= Beginning of Section =

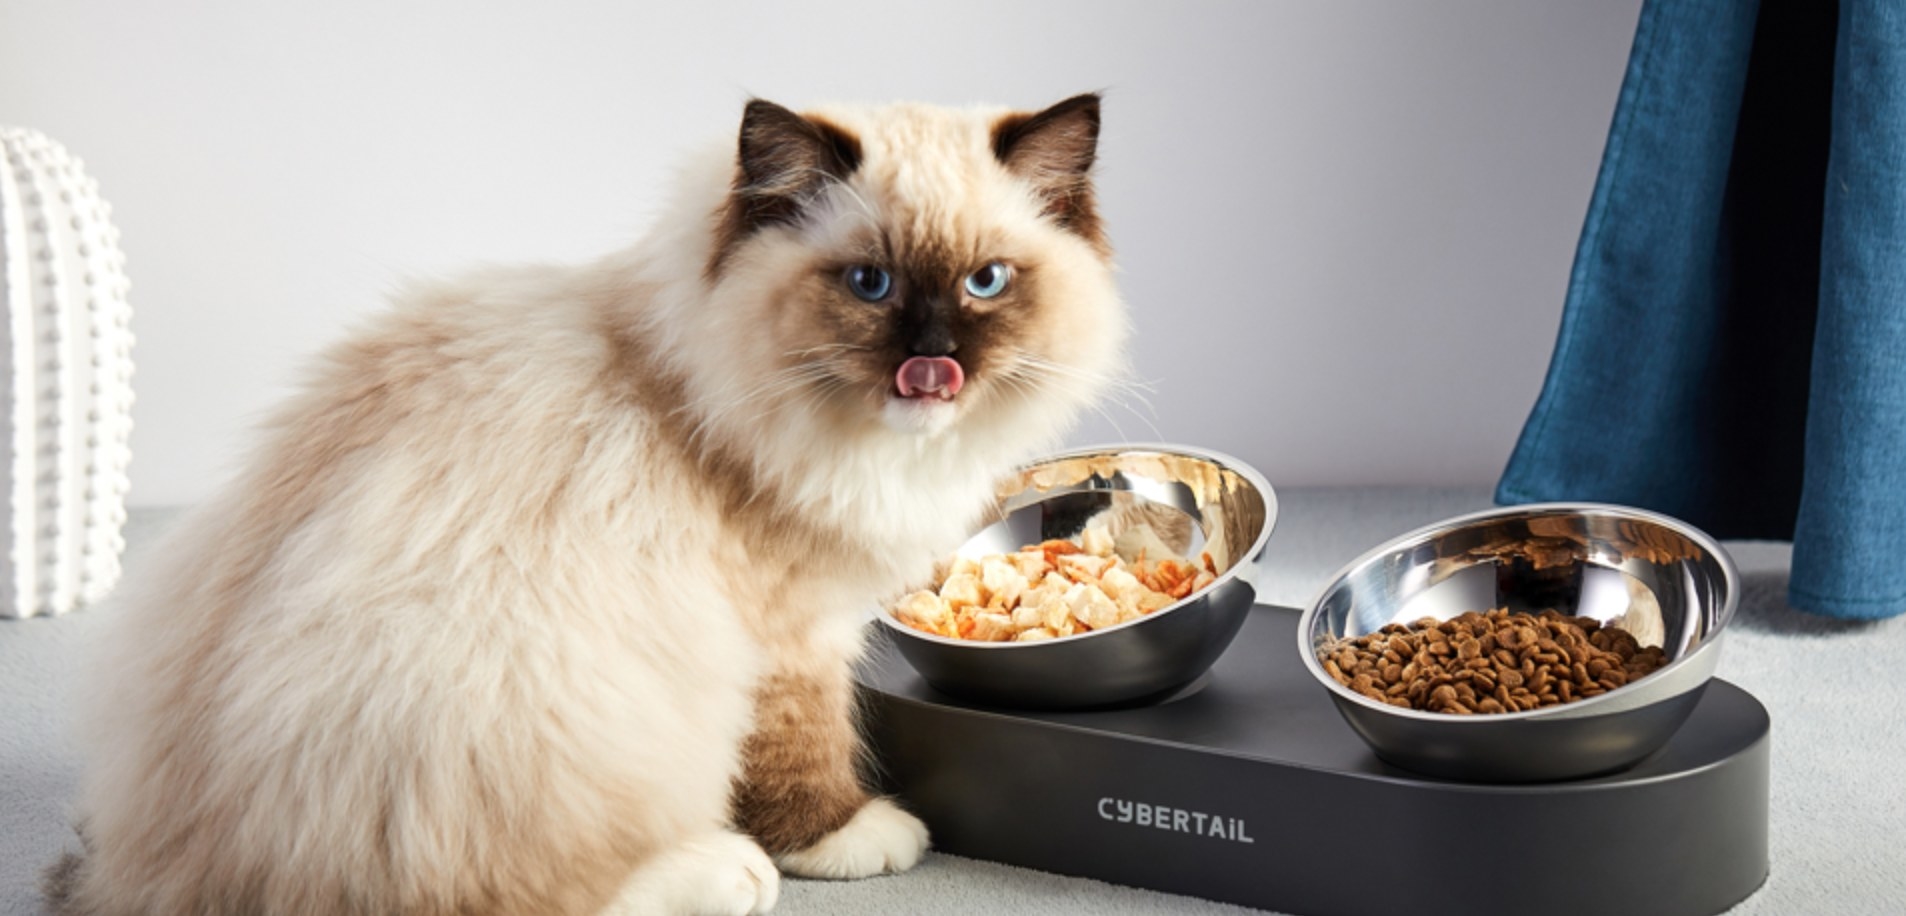 a cat licking its lips and standing next to the raised, tilted bowls
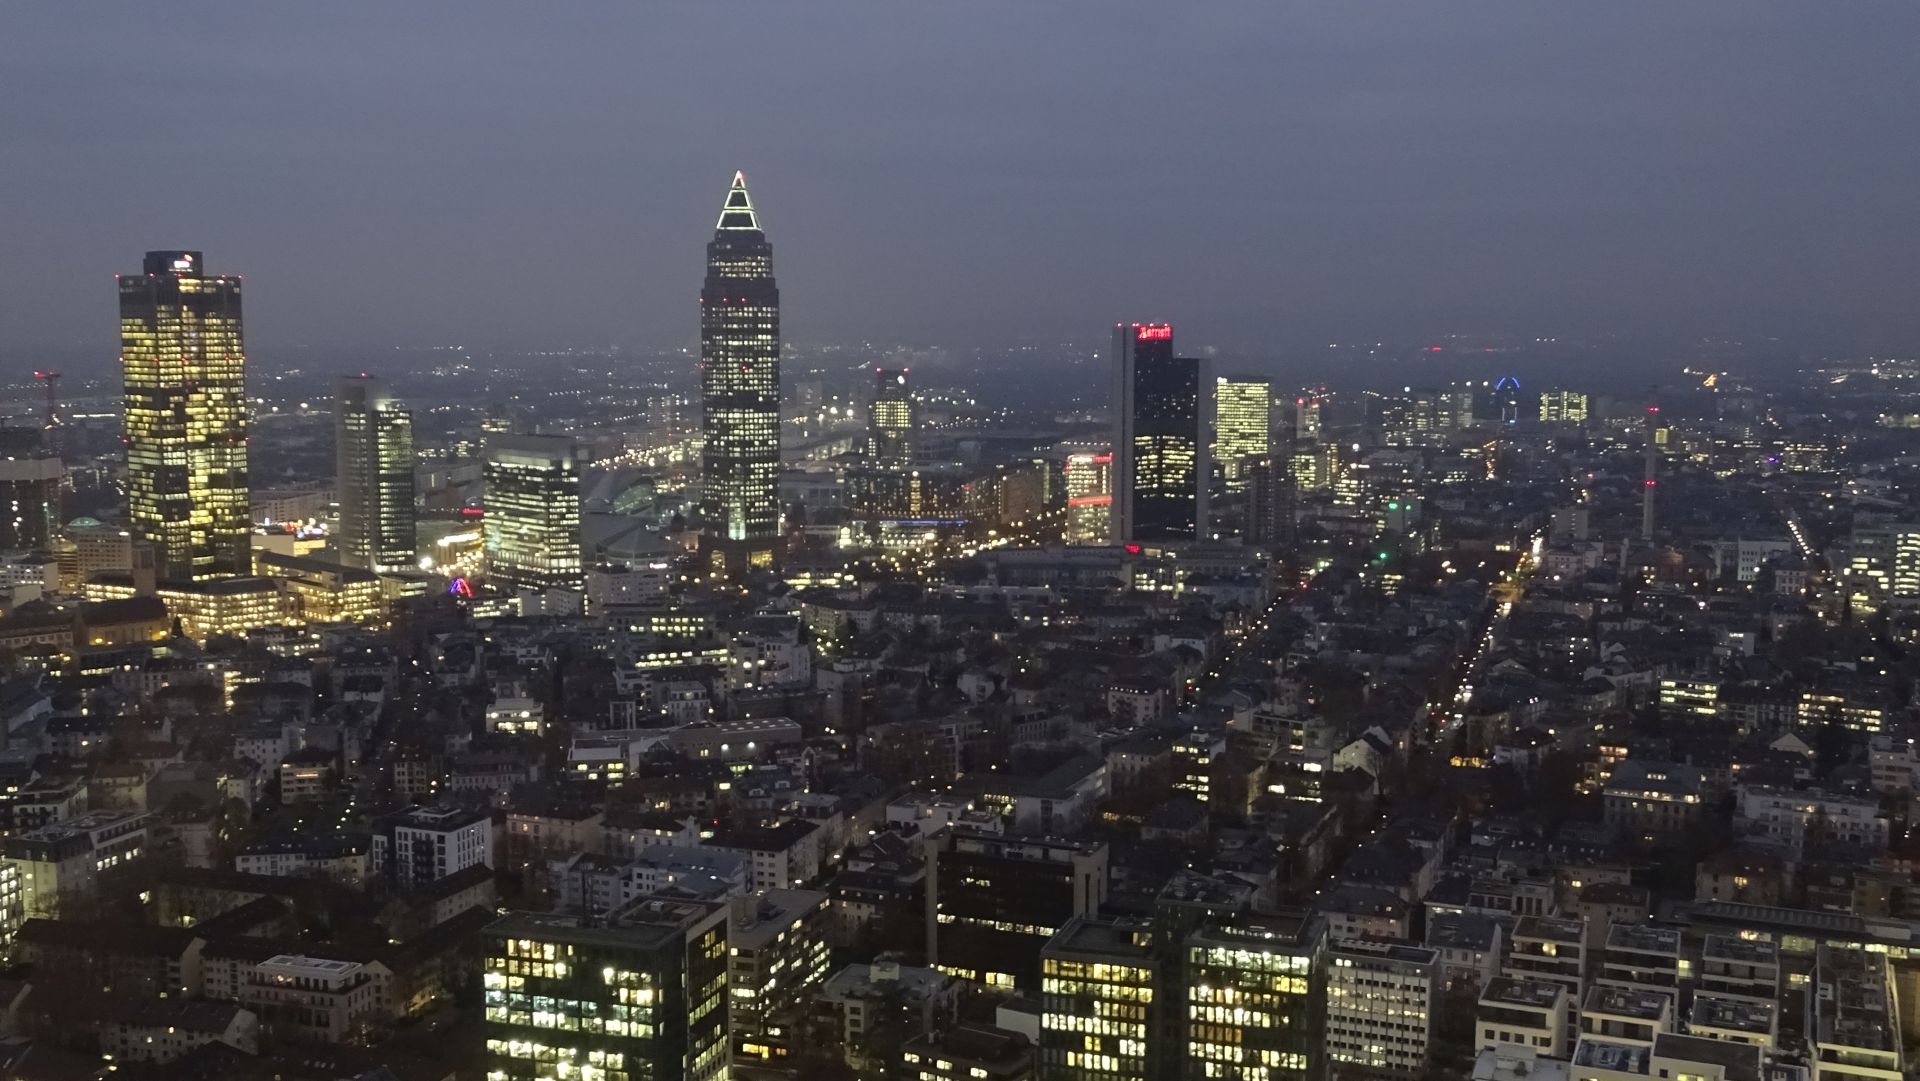 Frankfurt am Main is one of the most important financial centres in Europe
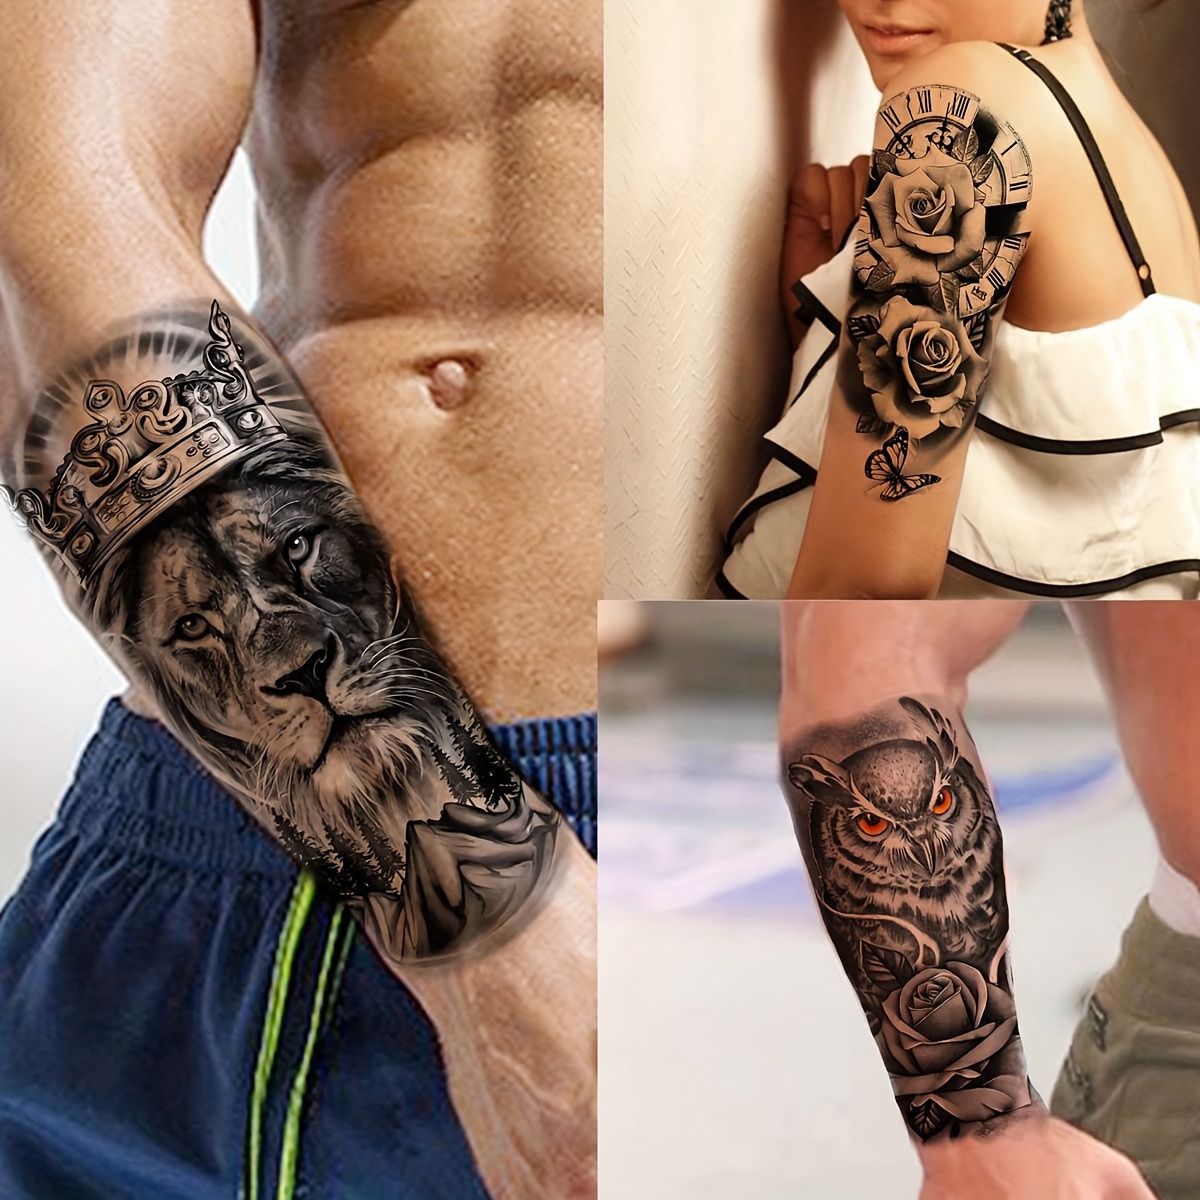 69 Sheets 3D Realistic Tiger Lion Temporary Tattoos For Women Forearm Men  Arm, Half Sleeve Wolf Owl Skull Skeleton Waterproof * Tattoos For Adults

= End of Section =

### ASSIGNMENT
Leave the pictures out and transcribe the remaining material exactly.

### EXERCISE RESPONSE
 a cat licking its lips and standing next to the raised, tilted bowls
 Frankfurt am Main is one of the most important financial centres in Europe
 69 Sheets 3D Realistic Tiger Lion Temporary Tattoos For Women Forearm Men  Arm, Half Sleeve Wolf Owl Skull Skeleton Waterproof * Tattoos For Adults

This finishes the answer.